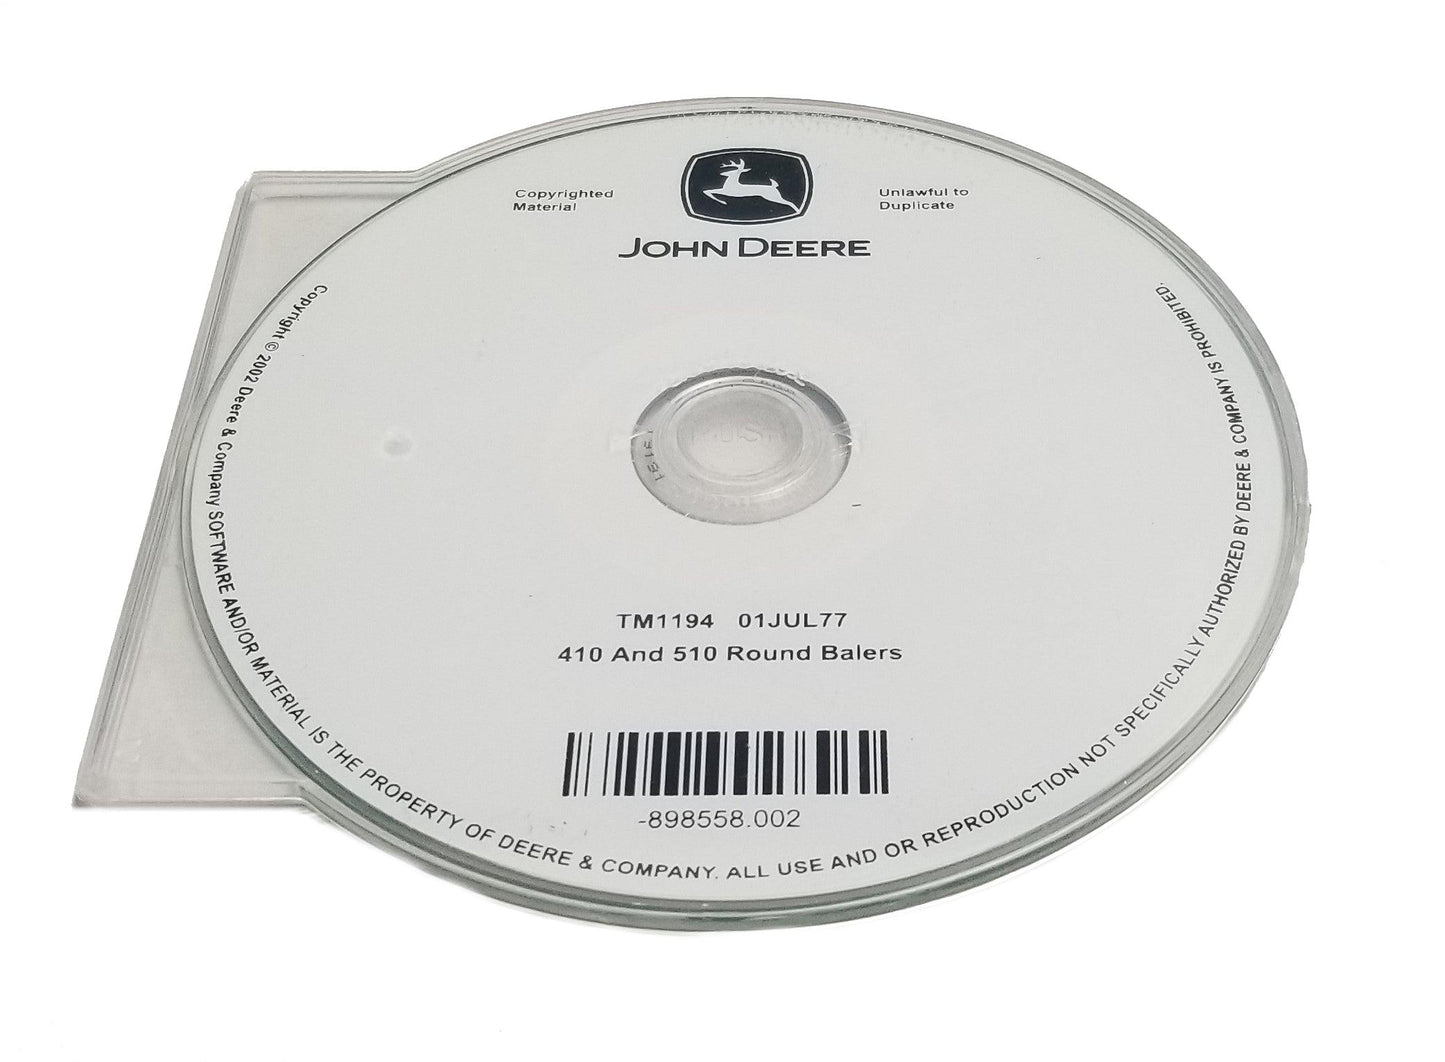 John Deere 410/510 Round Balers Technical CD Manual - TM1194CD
==
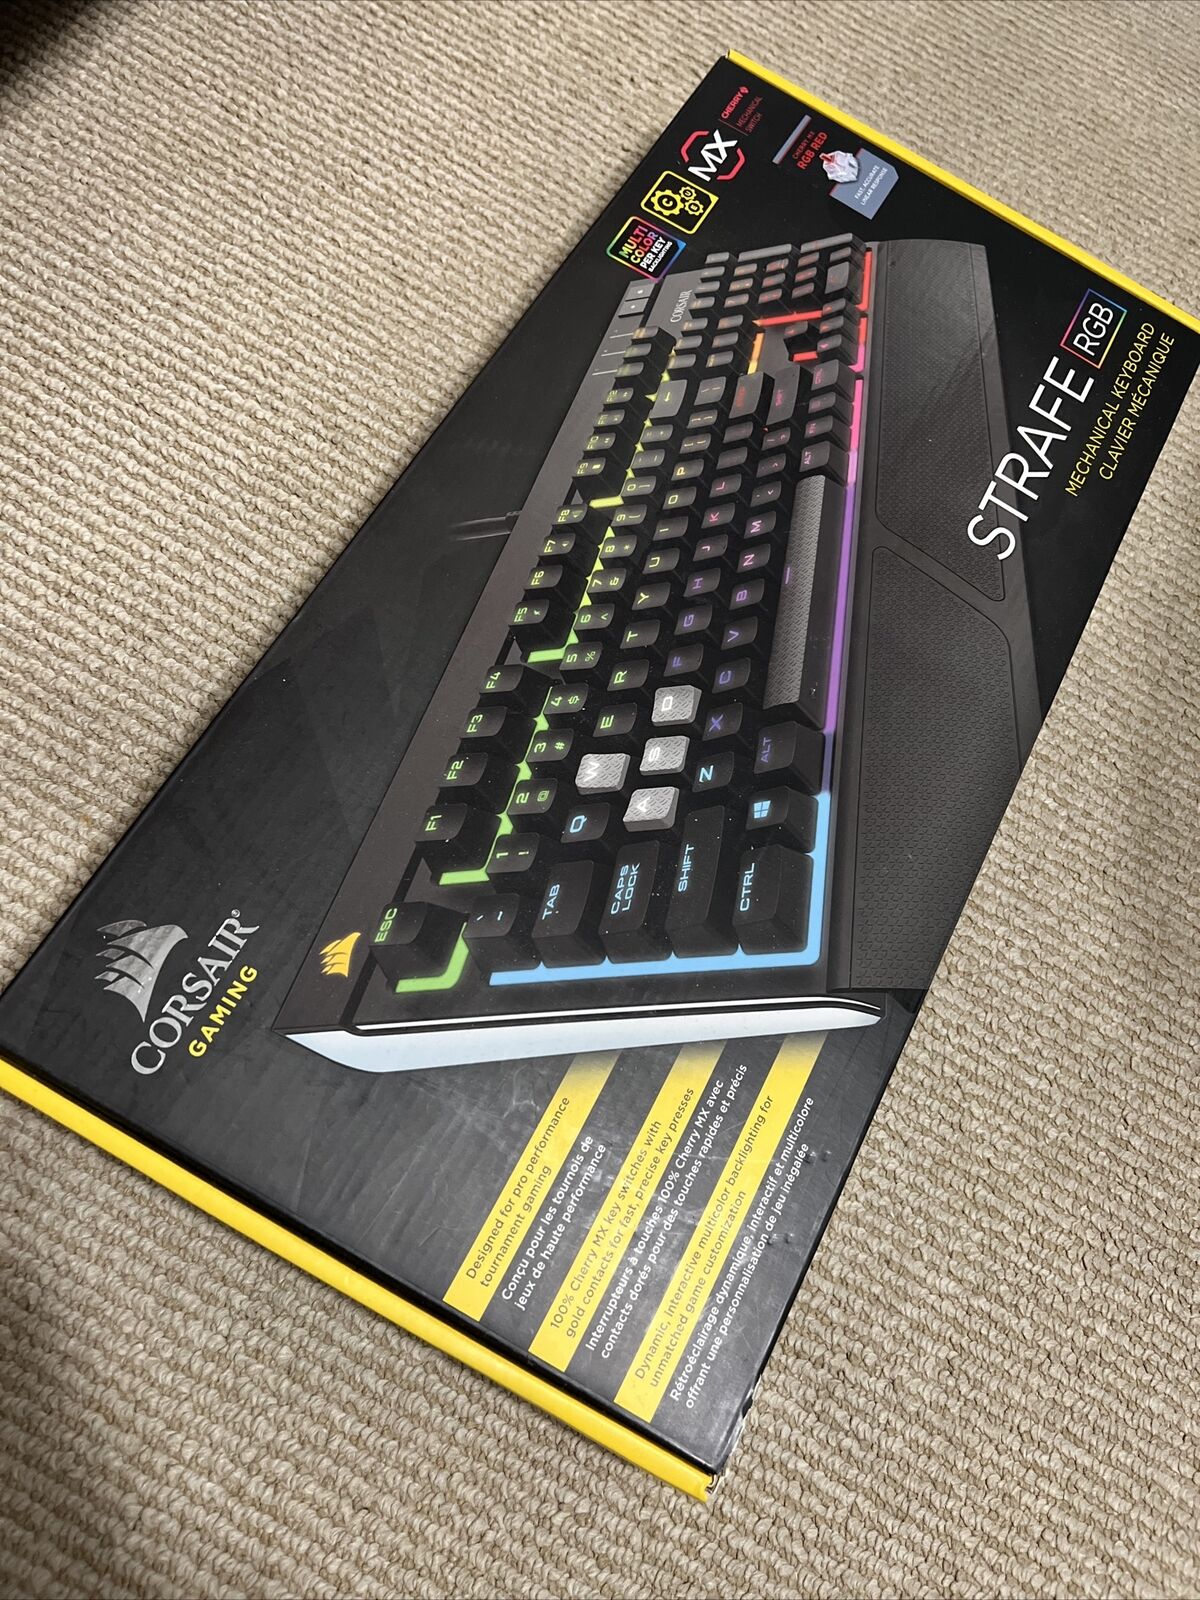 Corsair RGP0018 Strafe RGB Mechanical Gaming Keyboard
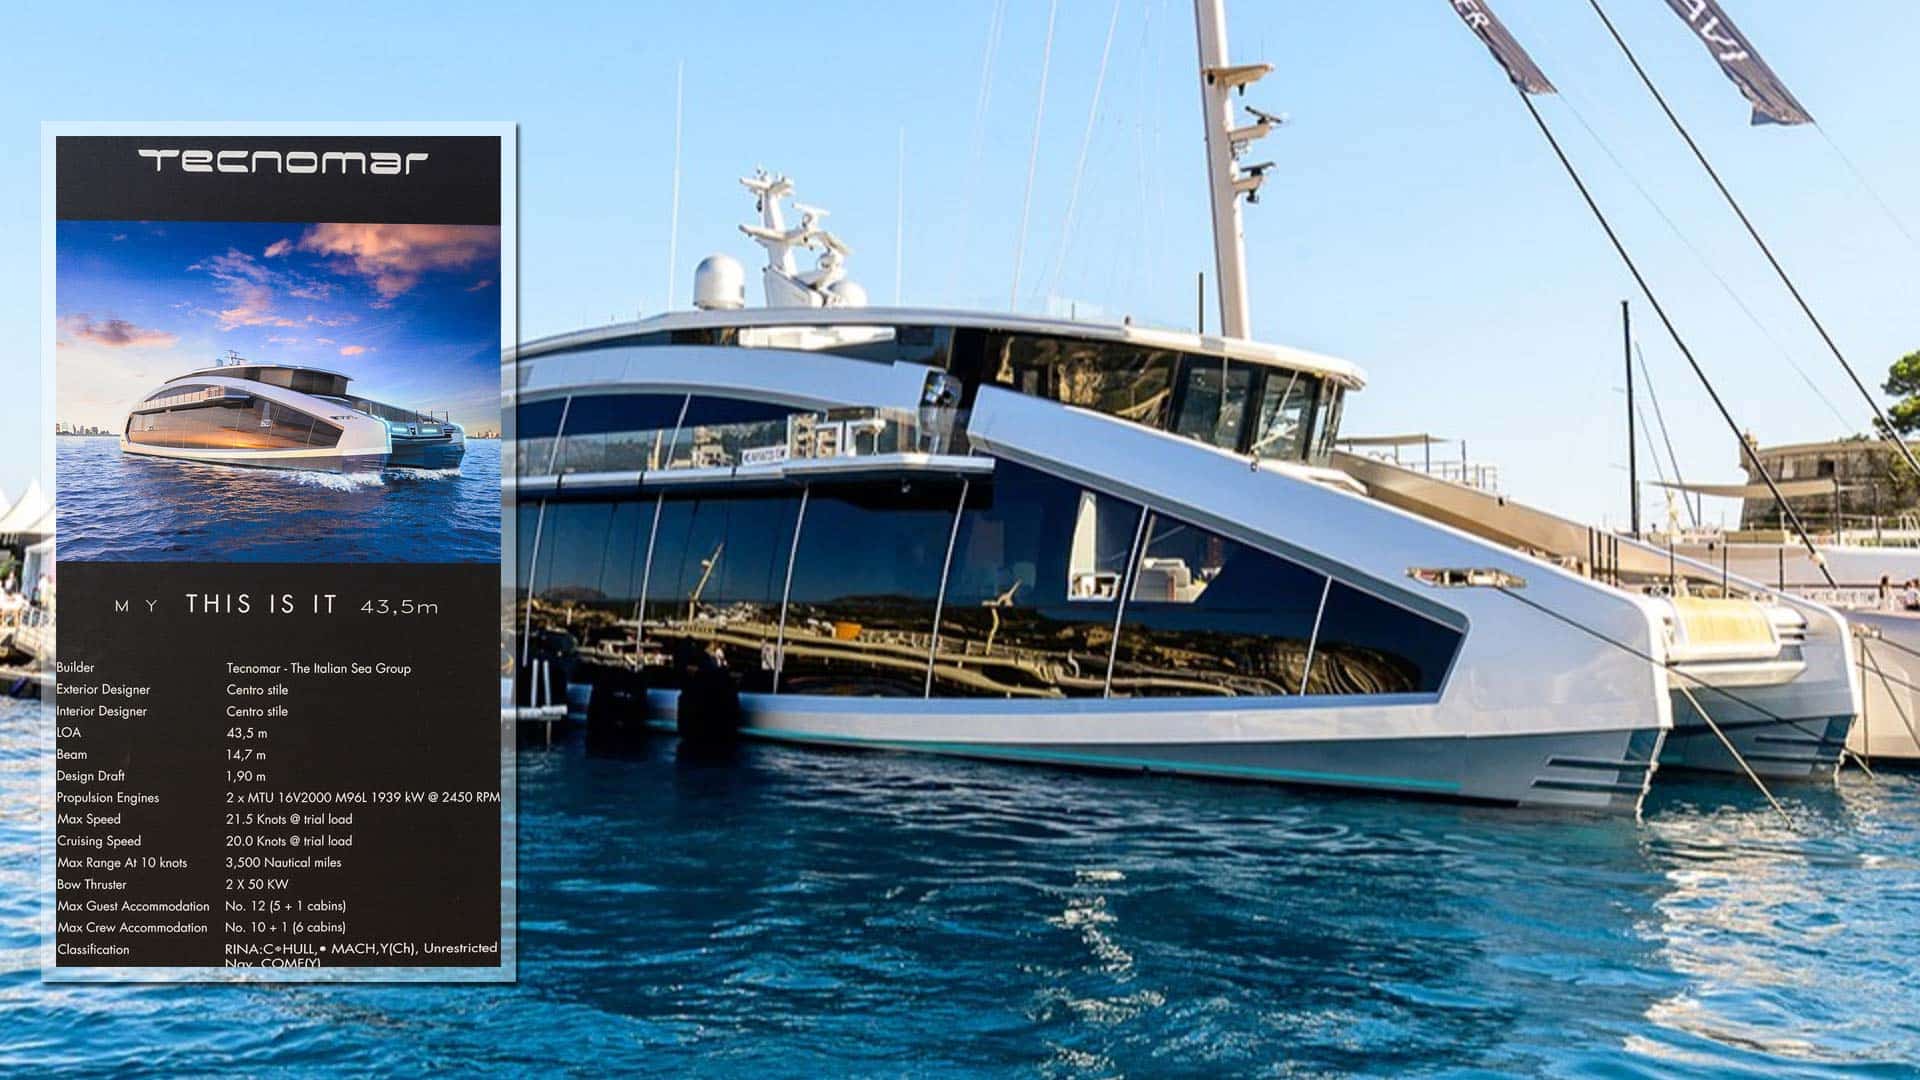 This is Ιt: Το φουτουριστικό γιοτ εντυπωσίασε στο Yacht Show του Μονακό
...
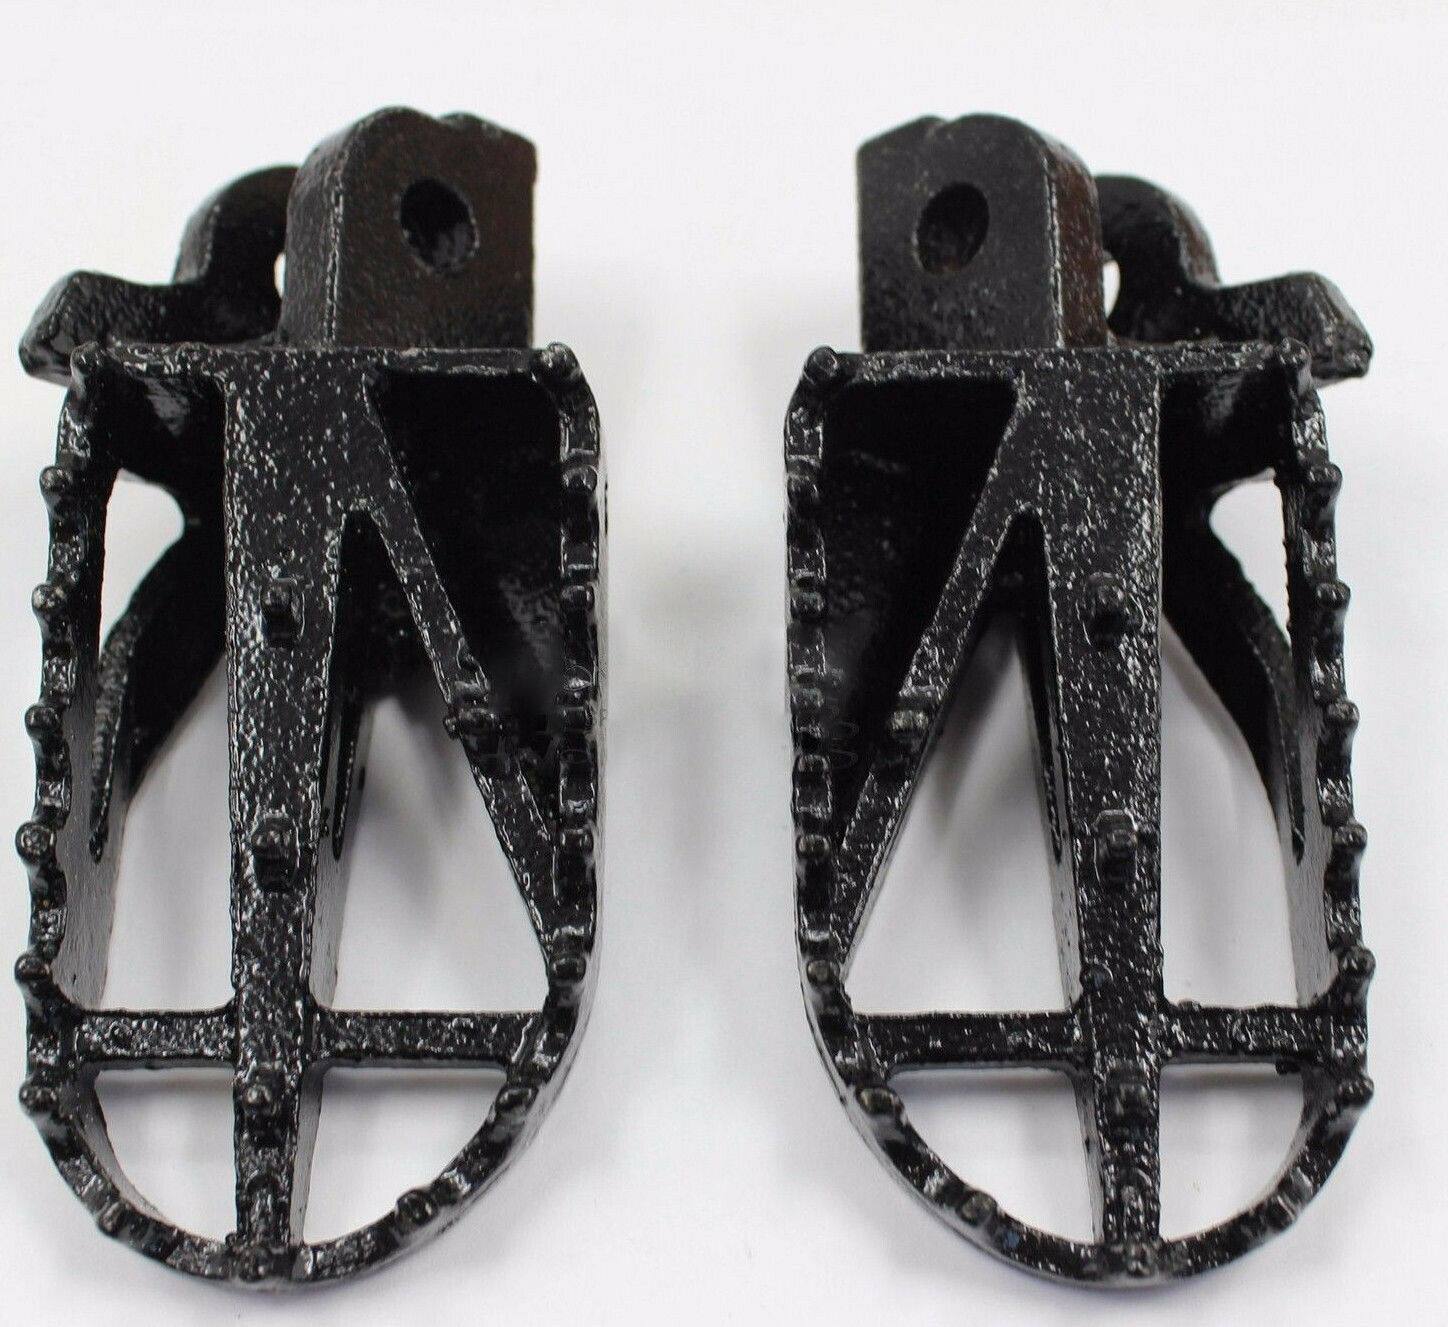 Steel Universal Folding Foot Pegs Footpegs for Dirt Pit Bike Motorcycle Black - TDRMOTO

*YOUR OBJECTIVE:* Reproduce exactly, with no pictures, the lines above from the one holding "Corsair RGP0018 Strafe" to the one holding "This is Ιt: Το", inclusive.

*TASK RESULT:*
 Corsair RGP0018 Strafe RGB Mechanical Gaming Keyboard
 This is Ιt: Το φουτουριστικό γιοτ εντυπωσίασε στο Yacht Show του Μονακό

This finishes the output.